Ingredients
Method
Build the Blueberry Syrup
- Combine the 350–400g of blueberries, 100g of white sugar, 240ml of water, 1 strip of lemon zest, and ⅛ tsp of fine sea salt in a medium saucepan. The lemon zest and salt enter the saucepan at the beginning rather than being held back as additions — the lemon zest's aromatic oils release at cooking temperature into the surrounding blueberry-and-sugar medium, integrating with the blueberry's aromatic character in a way that cold-addition to the finished pitcher cannot produce. The salt's presence from the beginning of cooking specifically contributes to colour stability in the blueberry's anthocyanin pigments — sodium ions in the cooking medium help maintain the vivid blue-purple of the pigments through the thermal extraction process. Place over medium heat and bring to a gentle simmer. Cook for 8–10 minutes, stirring occasionally. During the first 2–3 minutes the blueberries will begin swelling and the first few will burst, releasing the intensely purple juice. By 5–6 minutes the majority of the berries should have burst. By 8–10 minutes all should be fully collapsed and the surrounding liquid should be a vivid, deeply purple, specifically fluid syrup. The same extraction principle from the cranberry syrup applies: the volume should not have reduced meaningfully, the liquid should remain flowing and relatively fluid, and the colour should be specifically vivid rather than a dark, thick, concentrated preparation. Remove the lemon zest strip and discard it immediately. Its aromatic contribution has been extracted during the cooking period; leaving it in during straining or cooling would continue extracting the less pleasant bitter pith-adjacent compounds even though the pith itself is absent.
Strain the Blueberry Syrup
- Strain through a fine-mesh sieve into a clean bowl or measuring jug, pressing firmly on the blueberry skins and solids.
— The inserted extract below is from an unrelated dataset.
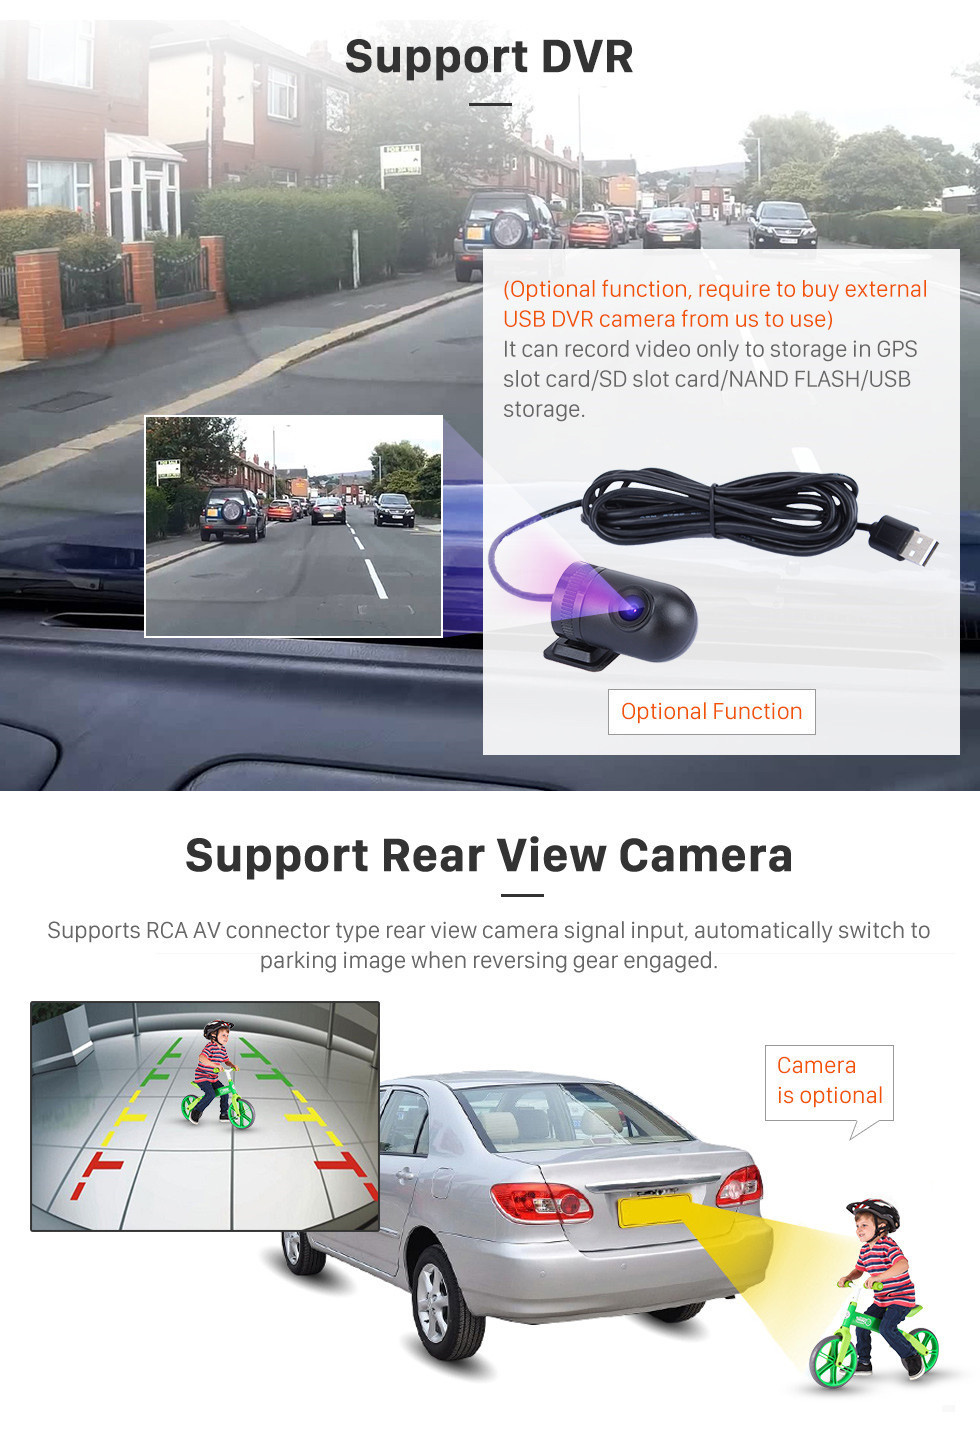 Seicane 9 inch 2015-2018 Skoda New Fabia Android 11.0 GPS Navigation Radio Bluetooth HD Touchscreen AUX USB WIFI Carplay support OBD2 1080P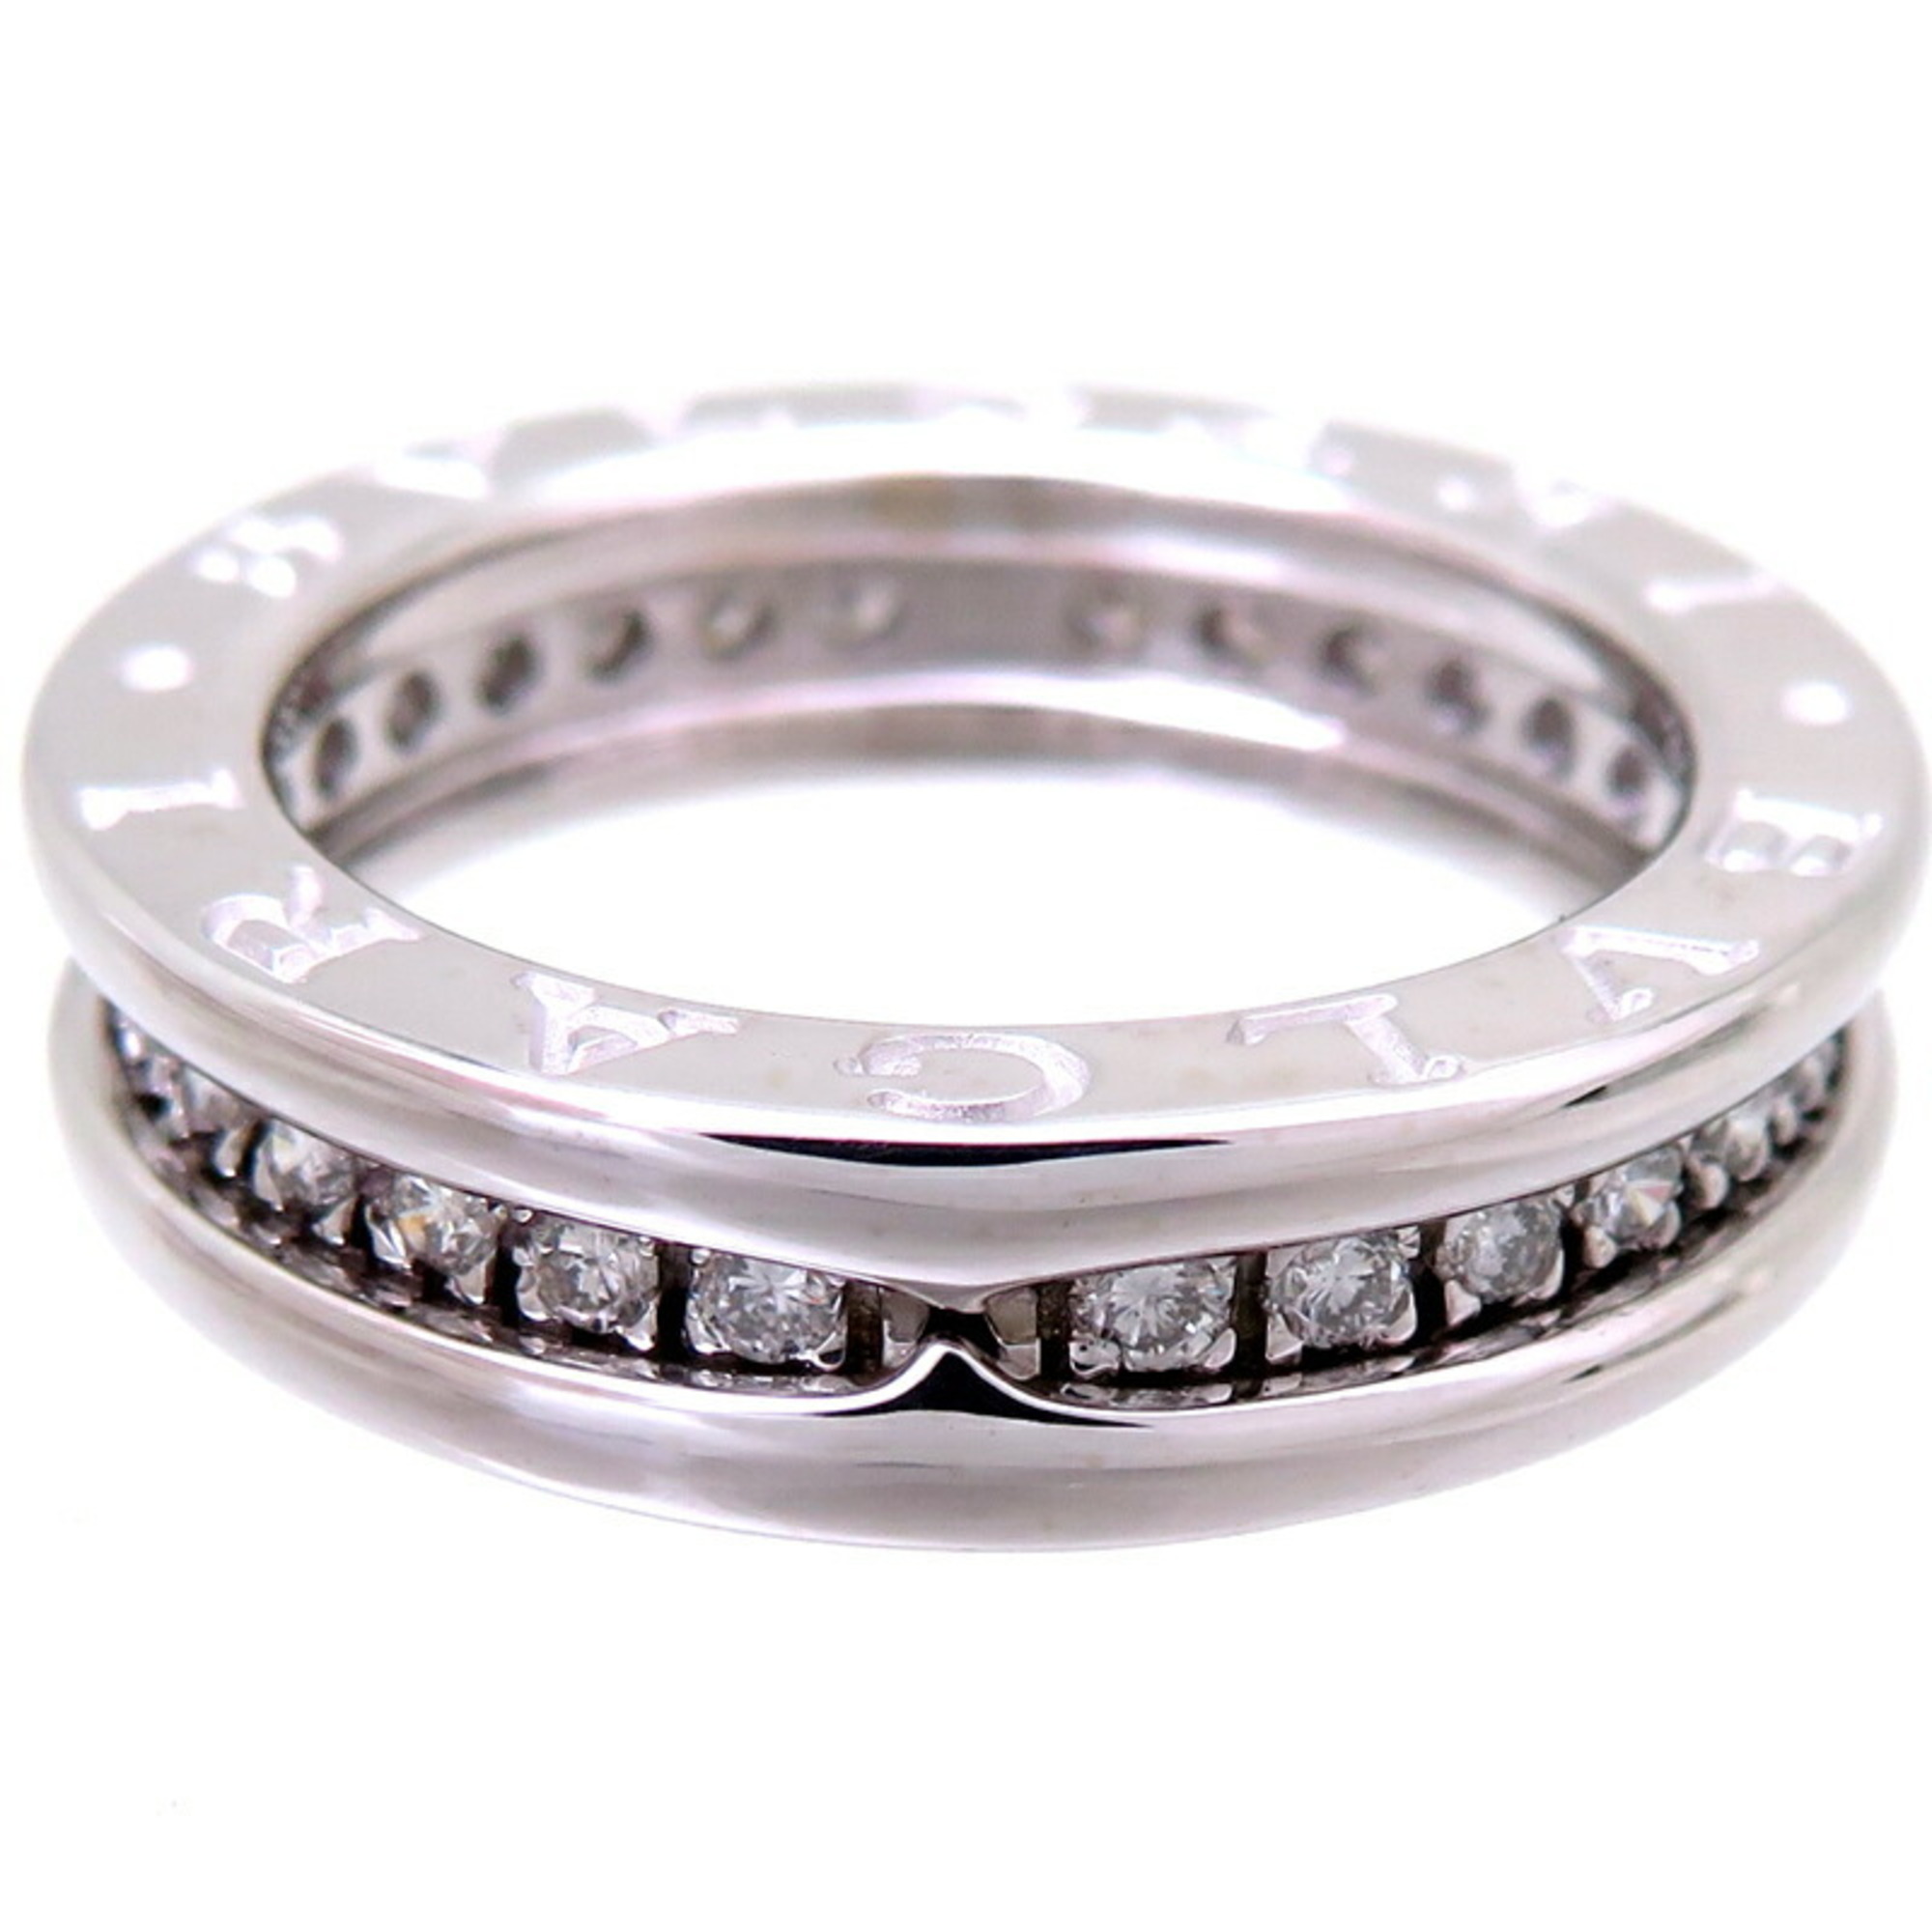 Bvlgari Bulgari #47 B.zero1 1-band diamond ladies ring, 750 white gold, size 7.5

Blueberry skins contain a high concentration of the anthocyanin pigments even after bursting — firm pressing extracts both the maximum colour and the maximum flavour from the cooked berries. The finished strained syrup should be a clear, vivid, deeply purple liquid — more specifically purple than red due to the anthocyanin's specific pH response at the syrup's slightly acidic pH. Allow to cool completely.
Build the Lemonade
- In a large pitcher, combine 180ml of the cooled blueberry syrup, 240ml of fresh lemon juice, and 750ml of ice-cold water. Stir thoroughly. Taste and assess. The lemon juice is added cold in the same approach used throughout this collection — preserving the fresh aromatic character. The combination of the blueberry syrup's integrated lemon-zest depth and the cold-added lemon juice's bright aromatic acidity produces a specifically more layered citrus character than either alone. The blueberry syrup's natural acid from the berries and the salt's amplification should make the combined base already pleasantly tart; the lemon juice provides the additional bright, clean acidity that makes it specifically refreshing. Adjust after tasting: more blueberry syrup up to 240ml for deeper colour and more pronounced berry character; more lemon juice up to 300ml for additional brightness; more cold water up to 1 litre for a lighter preparation; optional simple syrup only if the combined acidity is genuinely too aggressive rather than pleasantly sharp.
Chill and Serve
- Refrigerate for 1–2 hours until completely cold. An interesting colour transformation occurs during this period — the lemonade's colour shifts from the vivid purple of the warm syrup toward the more red-pink direction as the lemon juice's citric acid shifts the anthocyanin pigments' pH response over the chilling period. Both colours are natural and correct; the shifted cooled colour is the more specifically pink-purple visual of blueberry lemonade. Fill glasses with ice. Pour the chilled blueberry lemonade over the ice. Garnish with a lemon slice and several fresh blueberries resting on the ice. Serve immediately.
Notes
Blueberry's anthocyanin pigments are specifically pH-responsive — their colour changes across the pH spectrum from red at lower pH values (more acidic) through purple at moderate pH to blue at higher pH values (more alkaline). The finished lemonade's colour depends on the combined pH of the blueberry syrup and the lemon juice, which shifts the anthocyanins toward the red-pink register of the pH spectrum. This is why blueberry lemonade looks pink-purple rather than the vivid blue-purple of blueberries themselves — the lemon juice's acidity shifts the pigments' colour appearance. This colour shift is completely natural and is the correct appearance of the finished drink.
The 100g of white sugar in this syrup is calibrated for average-sweetness fresh blueberries. Cultivated blueberries (the large, sweet commercial variety) contain more natural sugar than wild blueberries (smaller, more intensely flavoured, more tart); for wild blueberries, the sugar may need to be increased to 120g.